但是,在更大的数据(约10K)上,这失败了!

However, on much larger data (order of 10K), this fails miserably!

len(s)
300000

pd.eval(s)
AttributeError: 'PandasExprVisitor' object has no attribute 'visit_Ellipsis'

我在这里想念什么?函数或我的数据有问题吗?

What am I missing here? Is there something wrong with the function or my data?

推荐答案

TL; DR
v0.21开始,这是一个错误,并且是GitHub上的一个未解决问题.参见 GH16289 .

TL;DR
As of v0.21, this is a bug, and an open issue on GitHub. See GH16289.

为什么会出现此错误?
(很有可能)是 pd.eval 的错误,该错误无法解析超过100行的序列.这是一个例子.
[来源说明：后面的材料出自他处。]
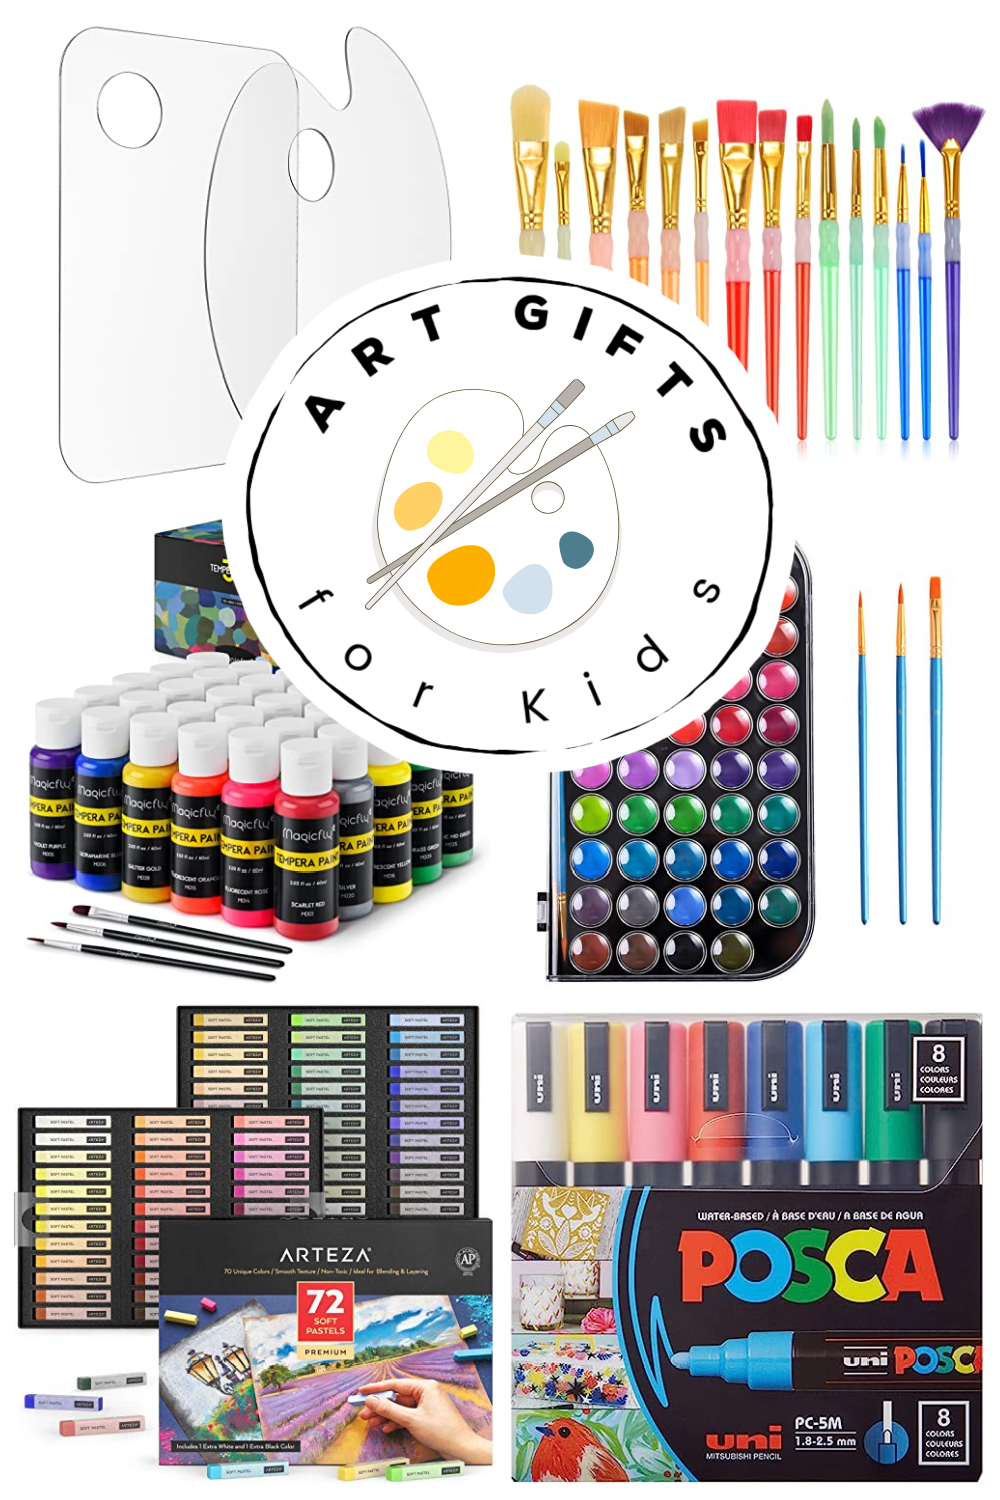 Caliart Art Supplies Drawing Supplies Premium Art Set Sketching Kit with  100 Sheets 3-Color Sketch Book Graphite Colored Charcoal Watercolor &  Metallic Pencils for Artists Adults Teens Beginners
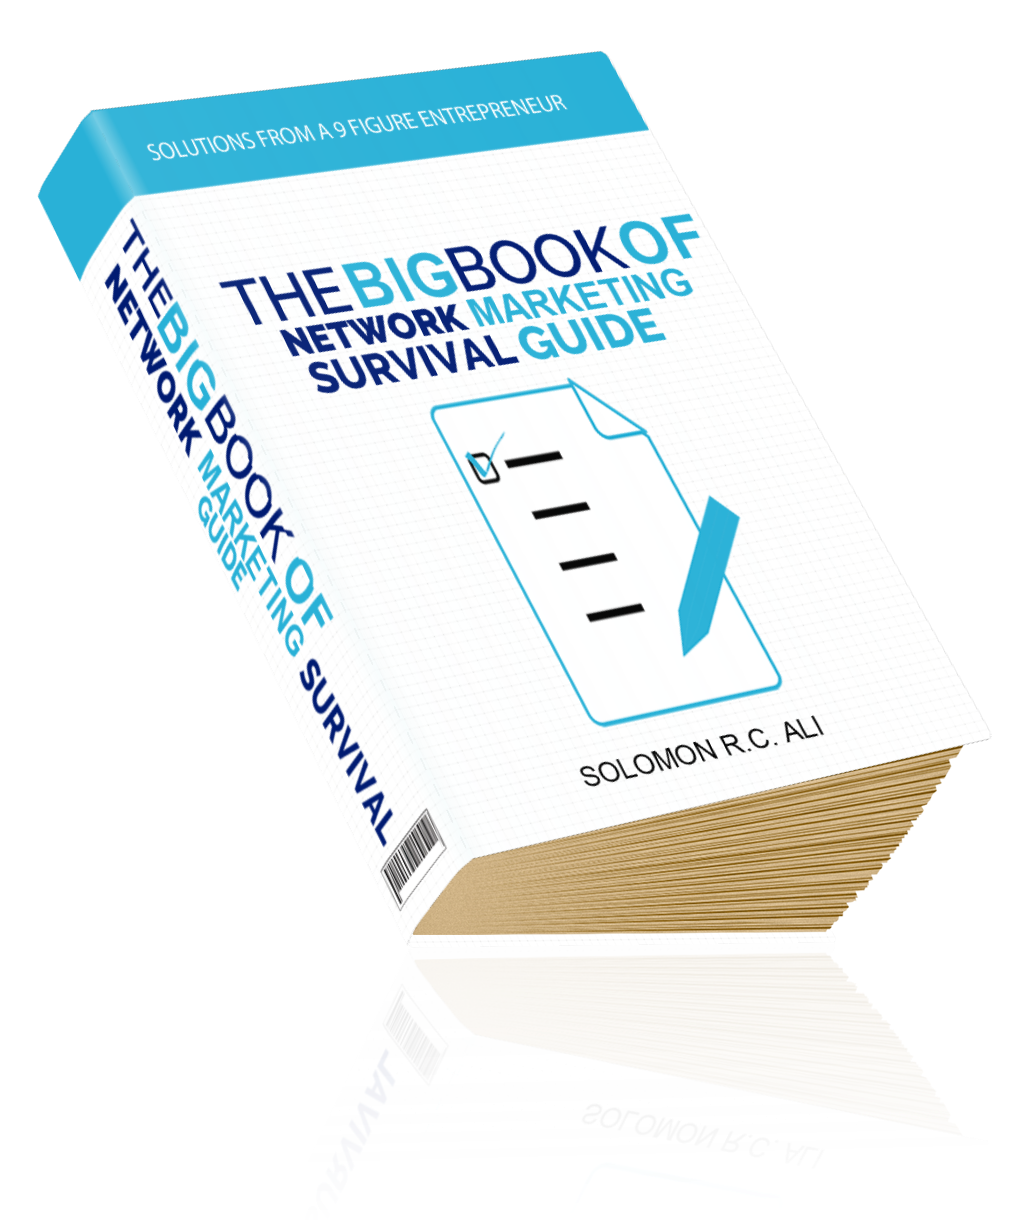 The Big Book of Network Marketing Survival Guide

Why am I getting this error?
This (in all probability) is pd.eval's fault, which cannot parse series with more than 100 rows. Here's an example.

len(s)
300000

pd.eval(s.head(100))  # returns a parsed result

pd.eval(s.head(101))
AttributeError: 'PandasExprVisitor' object has no attribute 'visit_Ellipsis'

无论解析器或引擎如何,此问题仍然存在.

This issue persists, regardless of the parser or the engine.

此错误是什么意思?
当传递的行超过100行时,pd.eval在该Series的__repr__上进行操作,而不是在其中包含的对象上进行操作(这是导致此错误的原因). __repr__被截断的行,将其替换为...(省略号).该省略号被引擎误解为Ellipsis对象-

What does this error mean?
When a series with more than 100 rows is passed, pd.eval operates on the __repr__ of the Series, rather than the objects contained within it (which is the cause of this bug). The __repr__ truncated rows, replacing them with a ... (ellipsis). This ellipsis is misinterpreted by the engine as an Ellipsis object -

...
Ellipsis

pd.eval('...')
AttributeError: 'PandasExprVisitor' object has no attribute 'visit_Ellipsis'

正是此错误的原因.

我该怎么做才能使它正常工作?
目前,尚无解决方案(问题截至2017年12月28日仍未解决),但是有两种解决方法.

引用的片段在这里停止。